Vertonte Wortwolken für Freiheit

Am Samstag ging es bei der styriarte (siehe Beitragsbild, (c) styriarte 2016) um die Freiheit, die Amerika 1776 proklamierte und sich damit nicht nur von England löste, sondern auch die Französische Revolution auslöste. Der Abend war unter dem Titel “I have a dream” organisiert. Dieser war in mehrfacher Hinsicht programmatisch.

Verbunden wurden politische Reden mit musikalischen Werken und Gedichten von Walt Whitman. Die Dramaturgie sollte das Statement unterstreichen, dass amerikanische Denker wichtige Kapitel der Weltgeschichte schreiben und schrieben. Vorgetragen wurden die Reden stimm- und wirkgewaltig von einem sich selbst übertreffenden Karl Markovics. Eröffnet wurde die Veranstaltung mit George Gershwins Rhapsody in Blue in einer Bearbeitung von Wolfgang Kornberger und dem vienna clarinet connection-Quartett. Gershwins Versuch konzertante Sinfonik mit Jazzelementen zu komponieren ist spätestens seit Woody Allens Manhattan weltberühmt und als Metapher für die amerikanische Großstadt ebenso interpretierbar wie sie für den Amerikanischen Traum als Ganzes stehen kann.
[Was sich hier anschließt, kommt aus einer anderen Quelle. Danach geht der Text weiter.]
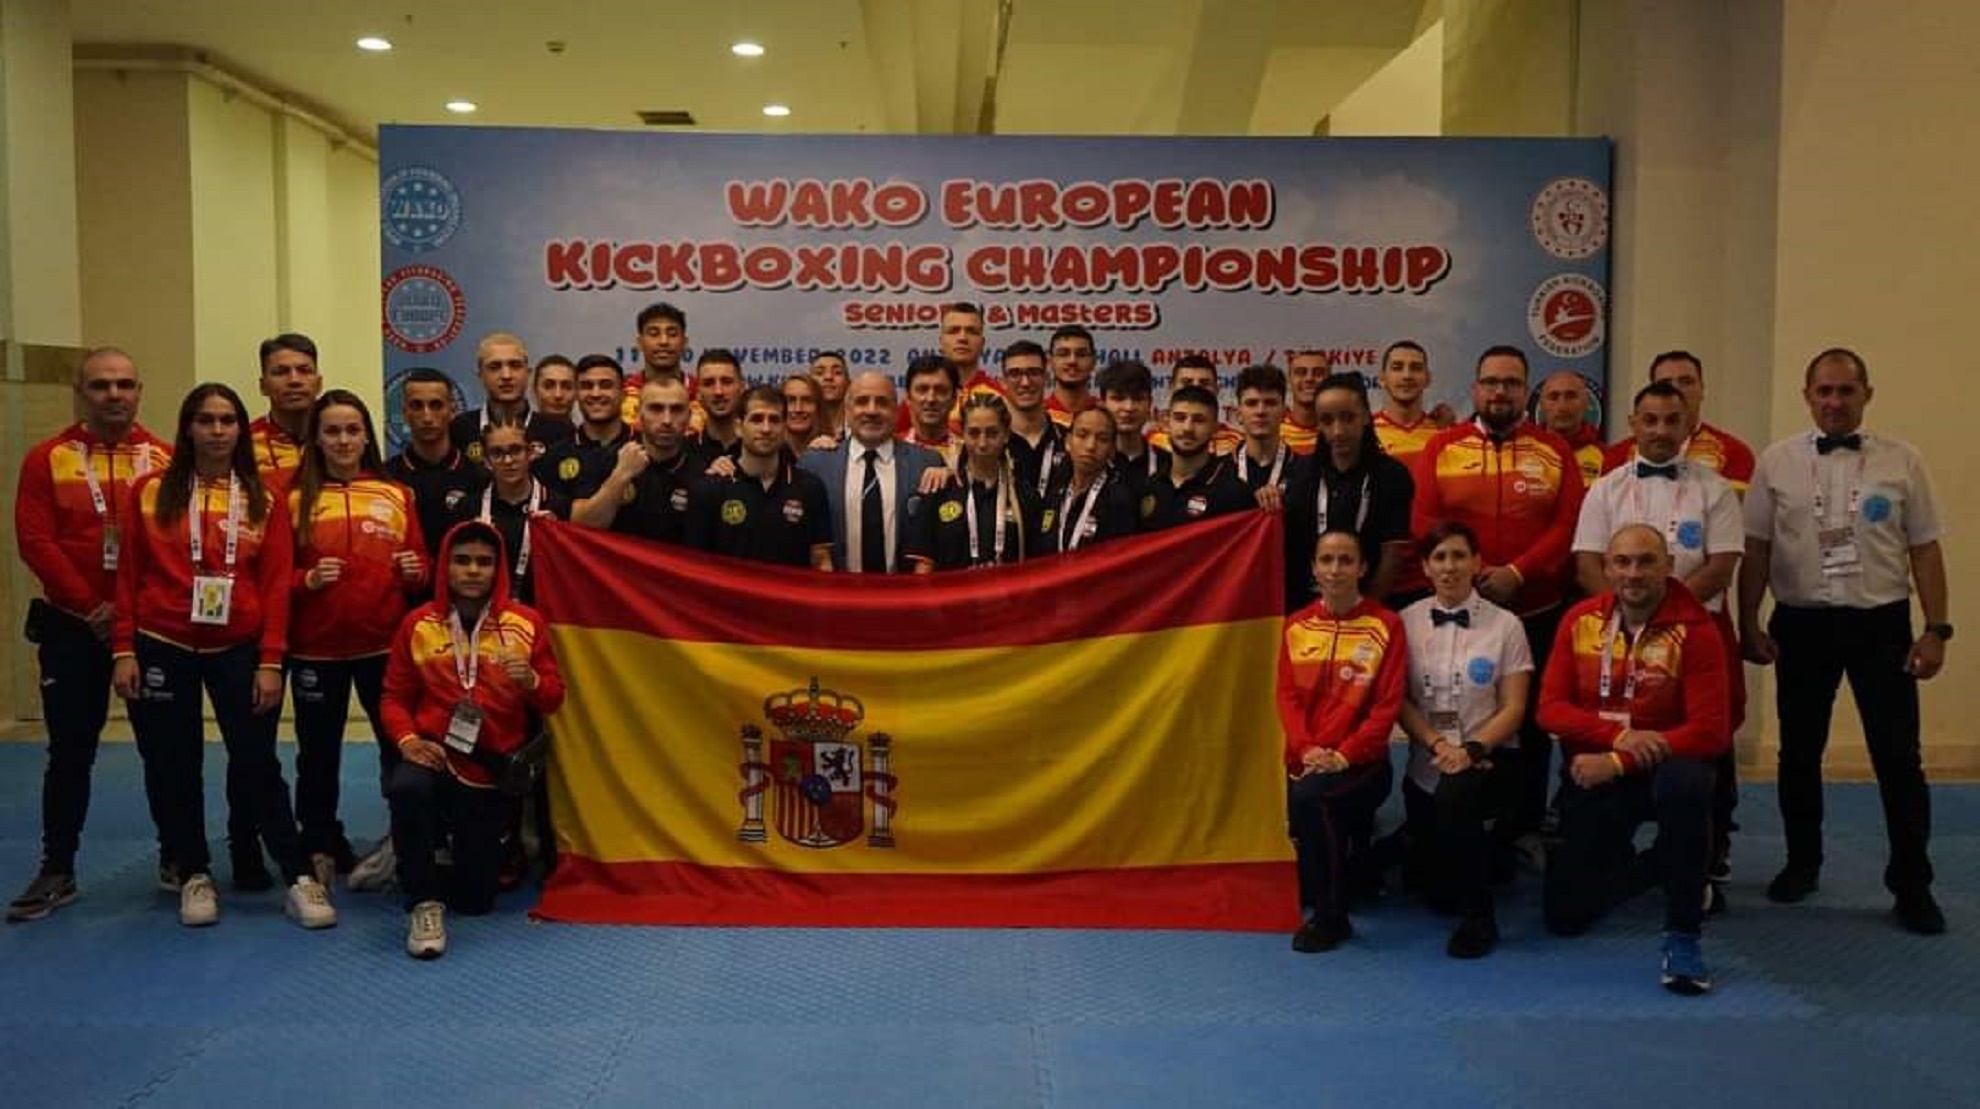 Gran comienzo de la Selección Española en los campeonatos de Europa de kickboxing

Letzterer in mächtige Worte verpackt stellt die Unabhängigkeitserklärung der Vereinigten Staaten von Amerika dar.  Markovics volle Stimme und sein inbrünstiger, ja leidenschaftlicher Vortrag vermittelte jene Entschiedenheit, mit der der Bruch mit dem Festland gefordert wird. Darum geht es aber nur sekundär. Primär stehen die Grundwerte des neugegründeten Staates im Fokus: Gleichheit und Freiheit.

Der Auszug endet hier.